Характер набросков и манера их исполнения — самые разнообразные. Урусов, по всей вероятности, рисовальщиком не был и своей подписи ни под одним из рисунков не оставил. Скорее всего он лишь вел альбом, подбирал, вклеивал в него работы приятелей.28

Руке одного из них принадлежит портрет молодого офицера, в котором можно предположить изображение будущего секунданта на дуэли Лермонтова М. П. Глебова. Те же слегка раскосые глаза под темными разлетающимися дугами бровей, закругленный на конце нос и решительный подбородок; те же вьющиеся, зачесанные на косой пробор волосы и загнутые кверху

382

«Всеобщее удовлетворение» (П. А. Урусов, берущий барьер). Рисунок
из альбома П. А. Урусова. 1830-е годы.

усы, что и на известном акварельном портрете Глебова 1830-х годов. Поручик конной гвардии Глебов был участником галафеевской экспедиции и прошел Большую и Малую Чечню бок о бок с Лермонтовым и его приятелями-гвардейцами, так что закономерно предположить появление его портрета на странице альбома Урусова.29

Портрет владельца альбома, его широкоскулое лицо со вздернутым носом и пышными усами, тщательно бритое в петербургский период и обросшее густой бородой на Кавказе, легко узнается и определяется по надписям к рисункам.30 На одном из них сделанном на привале в Темир-Хан-Шуре, Урусов изображен рядом с Лермонтовым.31

383

Богатая портретная галерея знакомых и однополчан, собранная Урусовым в его альбоме, не могла быть полной без изображения Лермонтова. Между тем такой зарисовки в альбоме не оказалось. Лермонтов появился лишь в групповом портрете.32 Владелец альбома, очевидно, счел это недостаточным и поэтому вклеил на одну из страниц литографированное изображение поэта, сделанное с портрета художника К. А. Горбунова.33

Кавказское окружение Лермонтова предстает и в других рисунках современников. В этом отношении интересны не привлекавшие до сих пор внимания исследователей работы неизвестного художника, хранящиеся в собрании Государственного Эрмитажа.34 Заключенные в темный кожаный портфель, акварели существенно пополняют, а отчасти и впервые вводят нас в иконографию ближайшего окружения Лермонтова.

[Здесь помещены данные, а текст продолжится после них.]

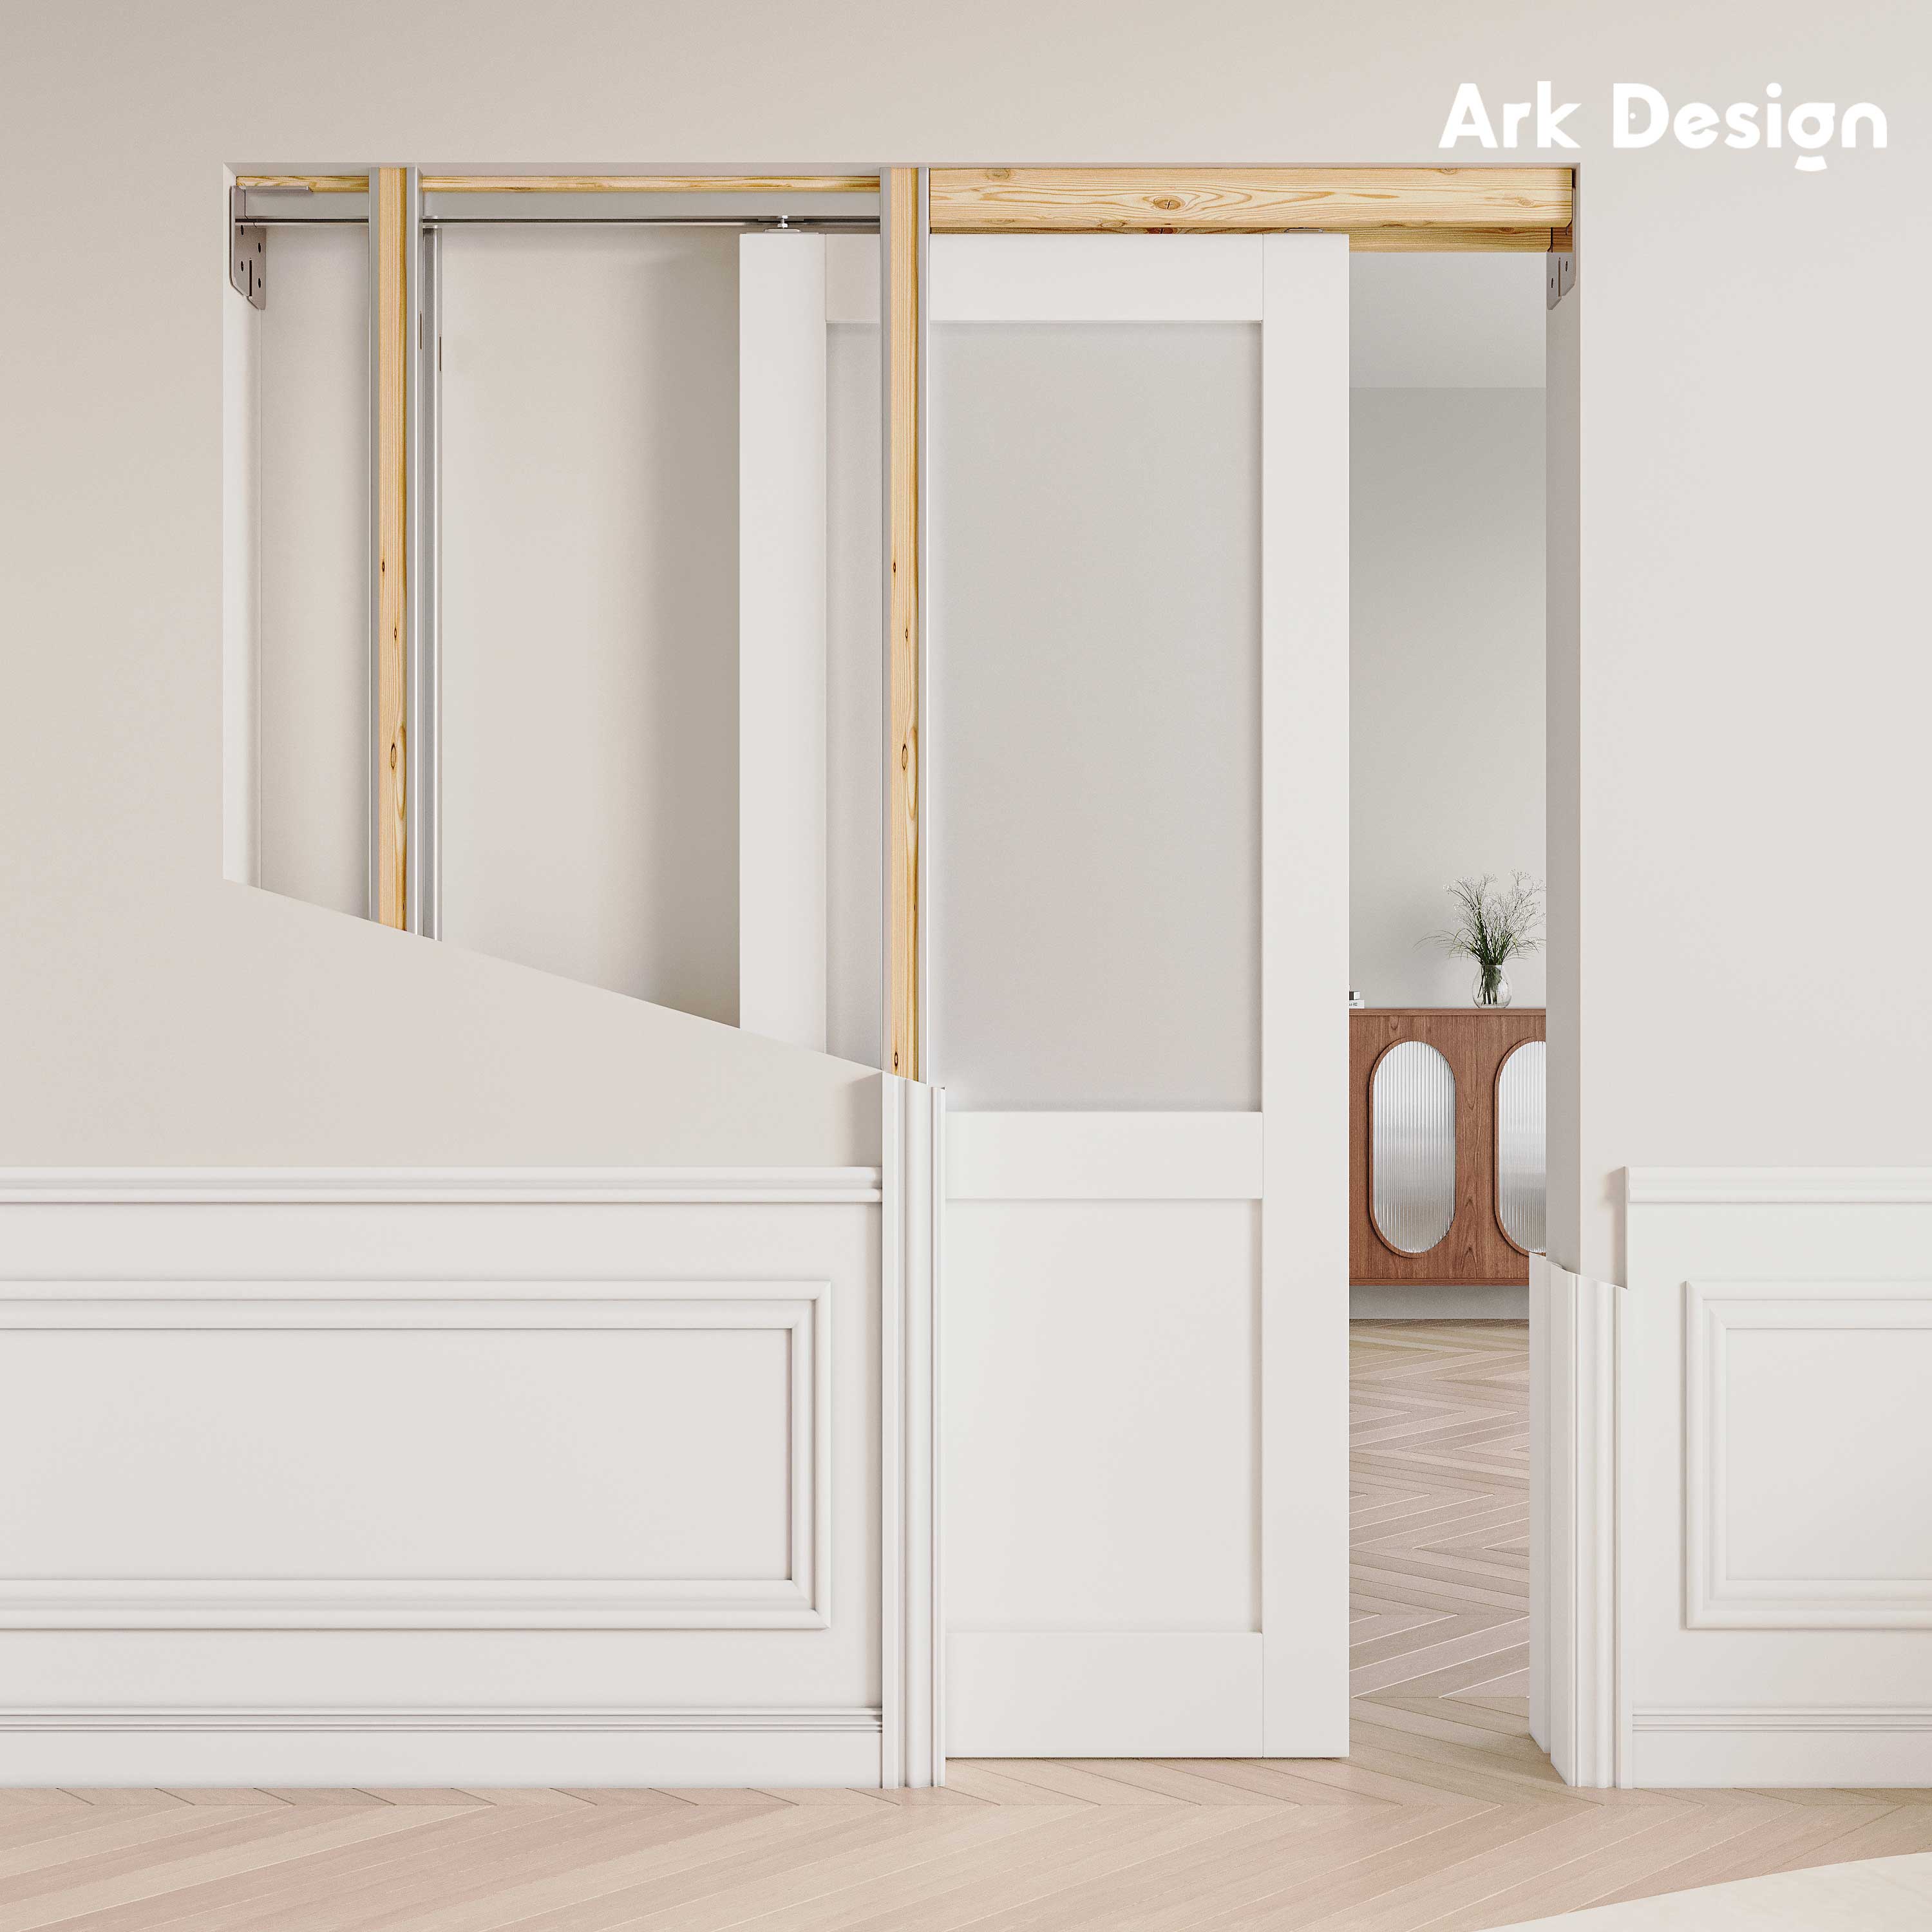 Ark Design Half Lite Tempered Frosted Glass Pocket Door with Hardware Kit & Frame, Solid Core MDF Wood & Paint-grade Finished, White

Такова акварель с изображением беседующих подполковника Гвардейского генерального штаба барона Л. В. Россильона и подполковника П. П. Нестерова.35 Оба были хорошо знакомы Лермонтову.

Нестерова поэт впервые увидел во Владикавказе в 1837 г. Под именем владикавказского полковника «Н» Лермонтов трижды упомянул его в романе «Герой нашего времени».

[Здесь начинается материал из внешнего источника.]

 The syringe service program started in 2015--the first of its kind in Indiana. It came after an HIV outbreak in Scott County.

Впрочем, в эти годы Нестеров был всего лишь капитаном. При жизни поэта получил он чин майора, и только в 1842 г. — полковника.36

Надо думать, Нестеров не случайно оказался прототипом приятеля Печорина. Окружающие видели в нем человека просвещенного. Владикавказская библиотека Нестерова содержала французские издания, и ею пользовались офицеры, служившие в крепости. Это была «замечательно симпатичная и образованная личность, — вспоминал о Нестерове А. М. Дондуков-Корсаков, — веселая натура его, доброта и обходительность привлекали к нему положительно всех. Не старых еще лет <...> он считался в то время старым кавказцем. Своею любезностью, гостеприимством

384

он был положительно душою общества. Дом его открыт был для всех...».37

В воспоминаниях современников «владикавказский полковник» предстает высоким, стройным и красивым офицером. В акварельном портрете 1841 г. это крупный, слегка отяжелевший человек в распахнутом сюртуке без эполет. На нем неформенные кавказского покроя штаны верблюжьего сукна. Ослепительно белая тонкая рубашка с отложным воротничком, холеные, загнутые книзу усы, гладко выбритые щеки и безукоризненно зачесанная каштановая шевелюра — все выдает натуру флегматичную, привыкшую к комфорту. Заложив руки в карманы, расставив ноги и меланхолически глядя на собеседника, выслушивает Нестеров обращенную к нему тираду.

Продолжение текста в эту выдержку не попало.